§ **Task instructions**: What you return should match the material below line for line, except that no image appears in it.

§ **Information supplied**:
——————

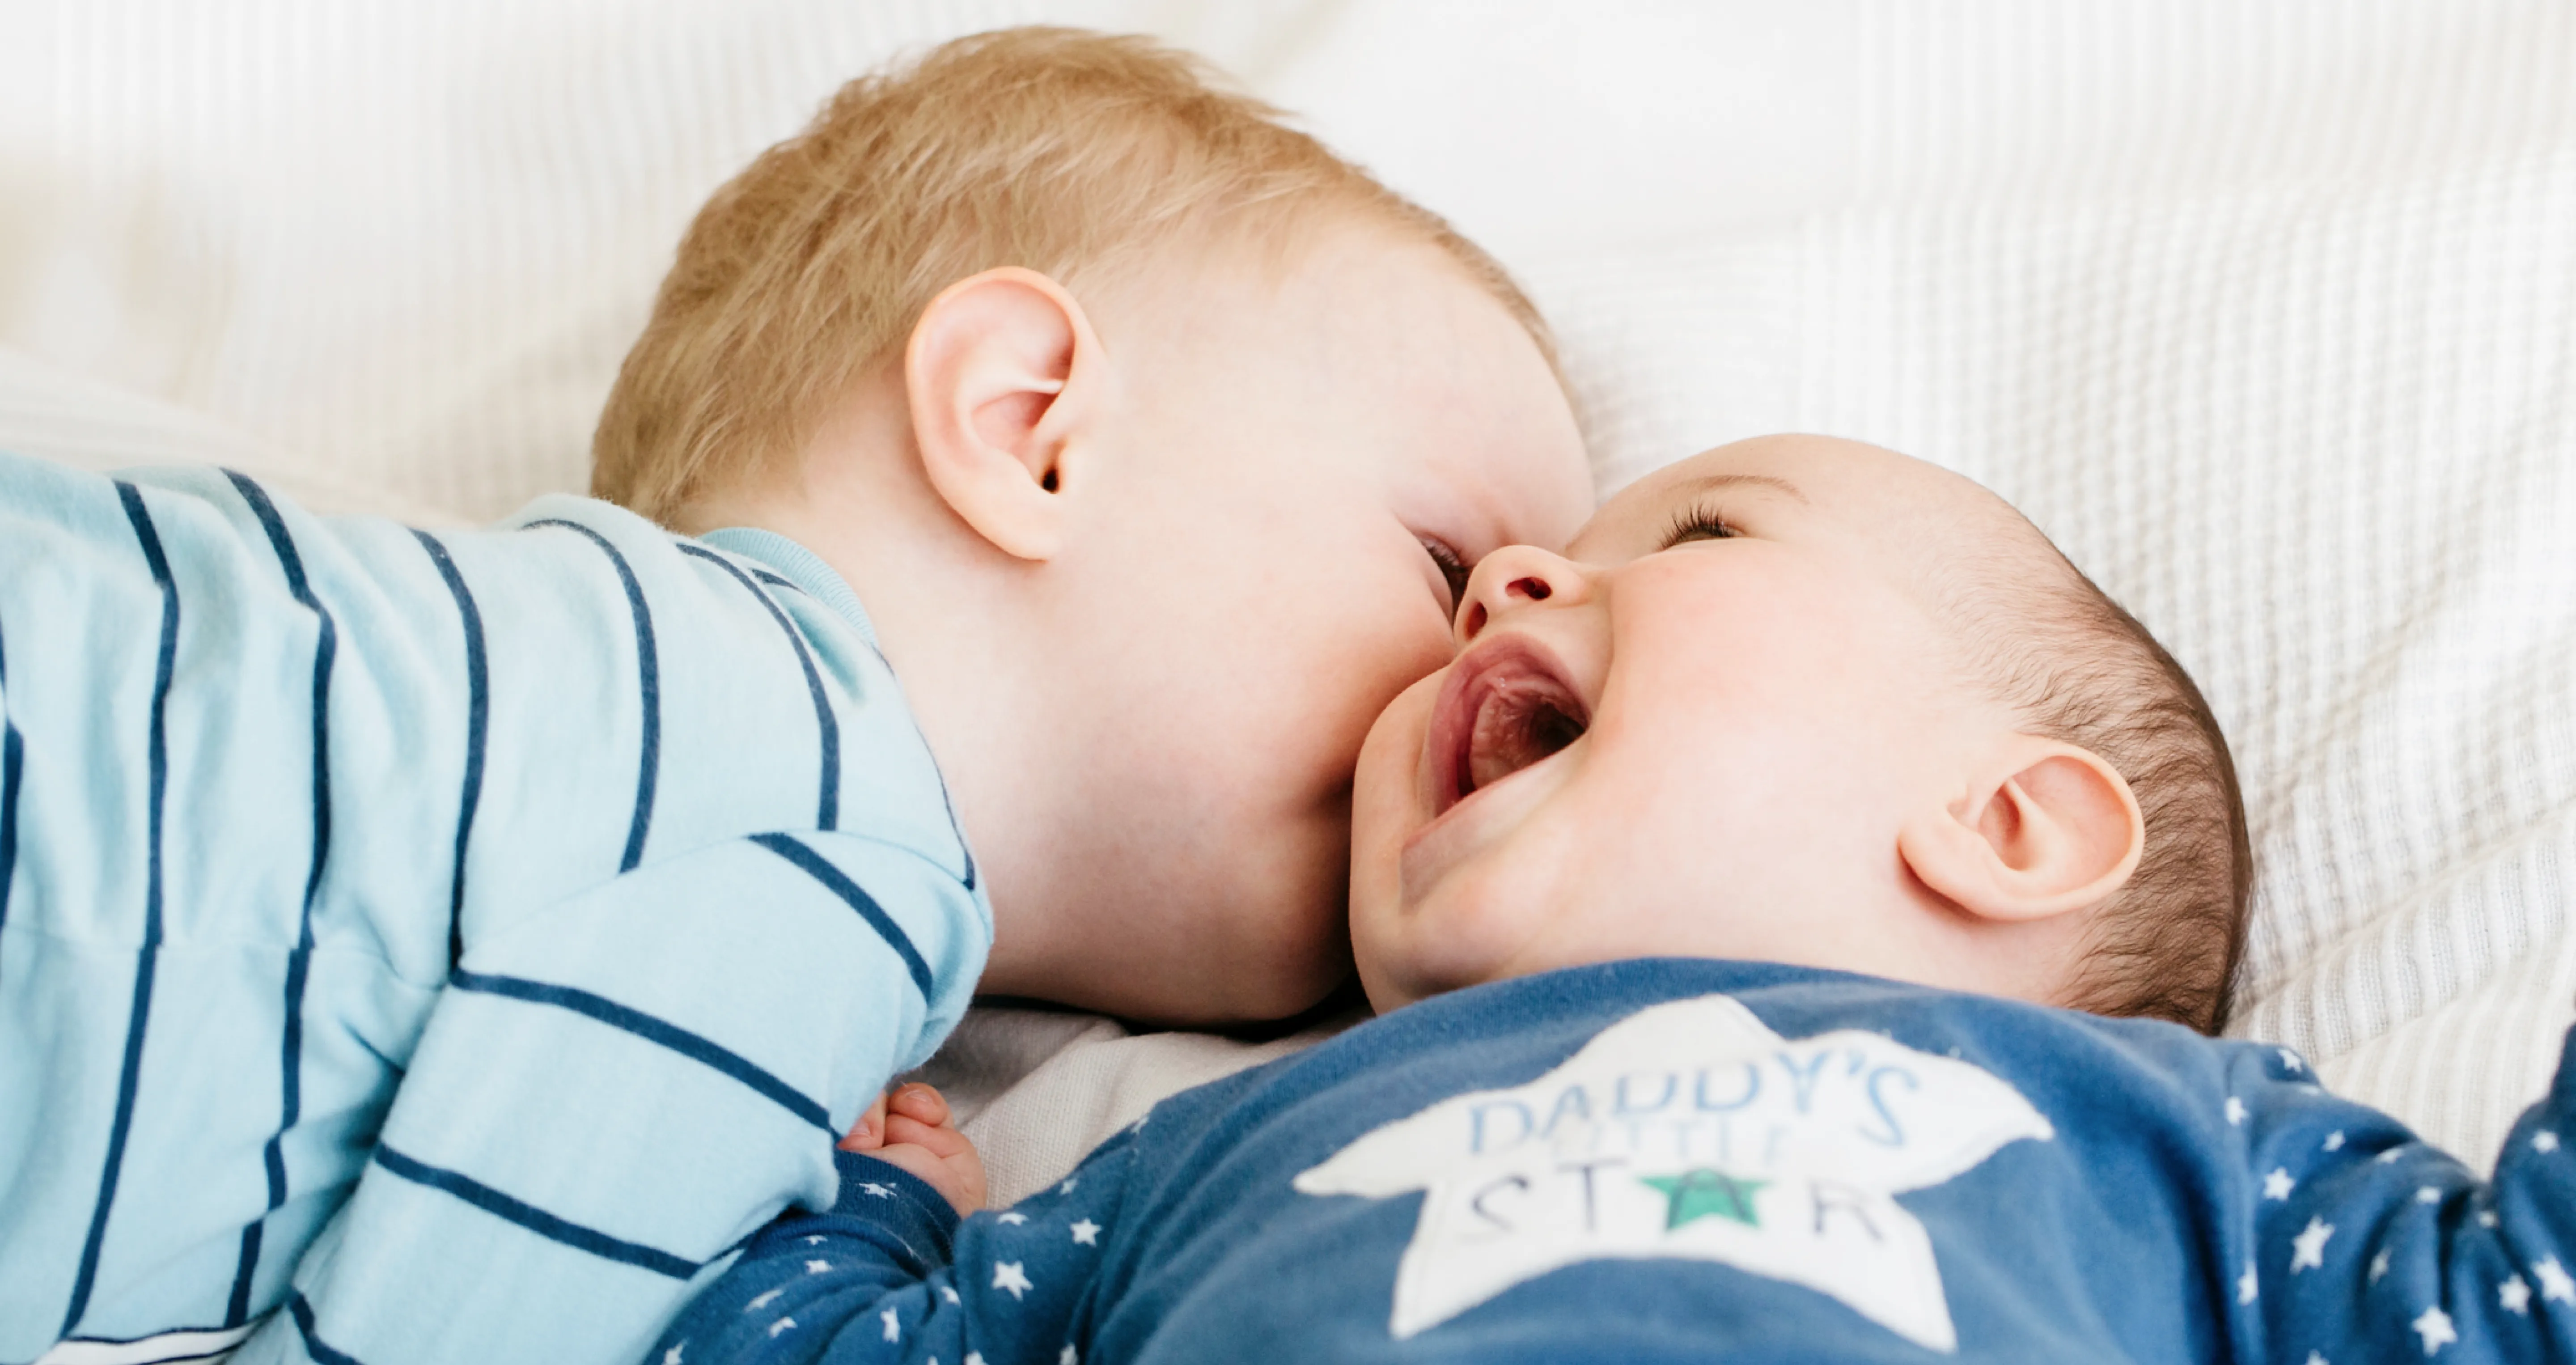 Two babies lying on a bed, laughing and playing, with one baby gently biting the other's cheek in a playful moment.
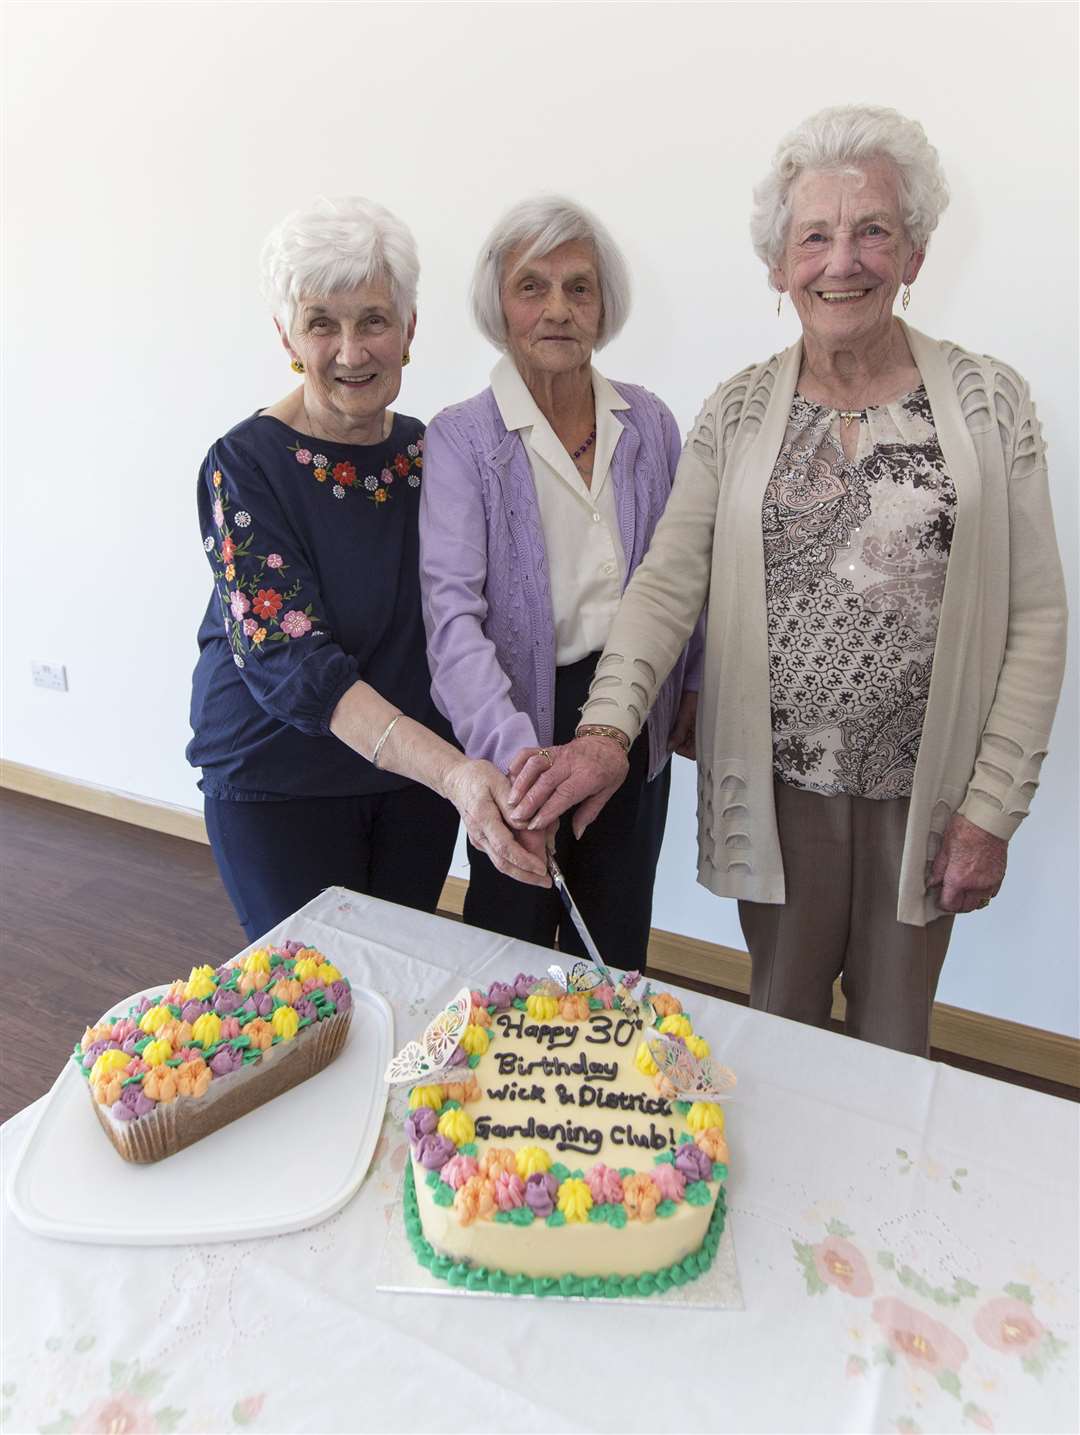 Wick and District Gardening Club's 30th anniversary cake is cut by club secretary Virginia Miller (centre) along with Betty Webster (left) and Bunty Oliphant. All three ladies were present at the club's inaugural meeting in 1993. Picture: Robert MacDonald / Northern Studios
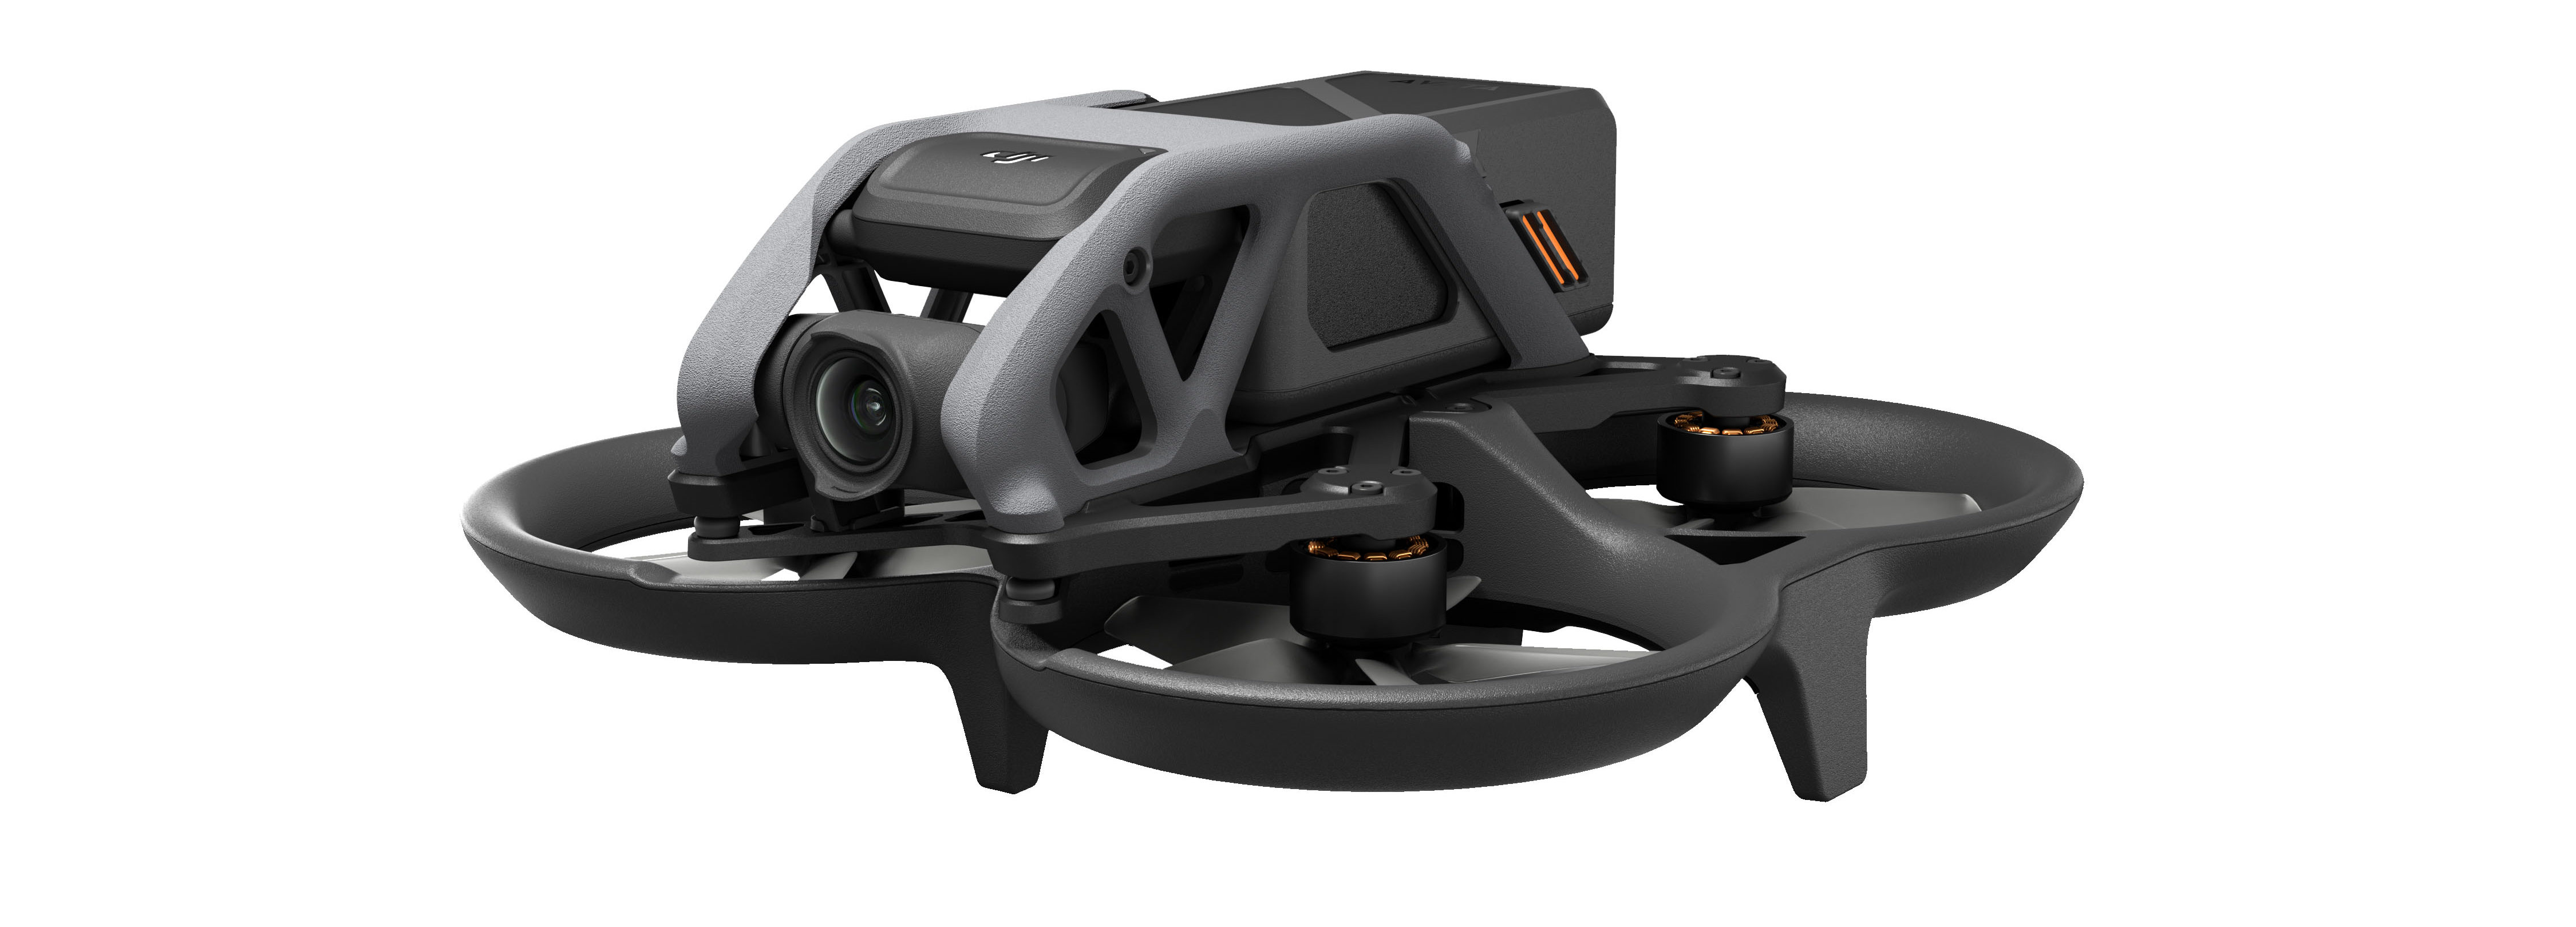 Introducing DJI Avata: An All-New FPV Drone Experience

——————

§ **Completed exercise**:
 Two babies lying on a bed, laughing and playing, with one baby gently biting the other's cheek in a playful moment.
 Wick and District Gardening Club's 30th anniversary cake is cut by club secretary Virginia Miller (centre) along with Betty Webster (left) and Bunty Oliphant. All three ladies were present at the club's inaugural meeting in 1993. Picture: Robert MacDonald / Northern Studios
 Introducing DJI Avata: An All-New FPV Drone Experience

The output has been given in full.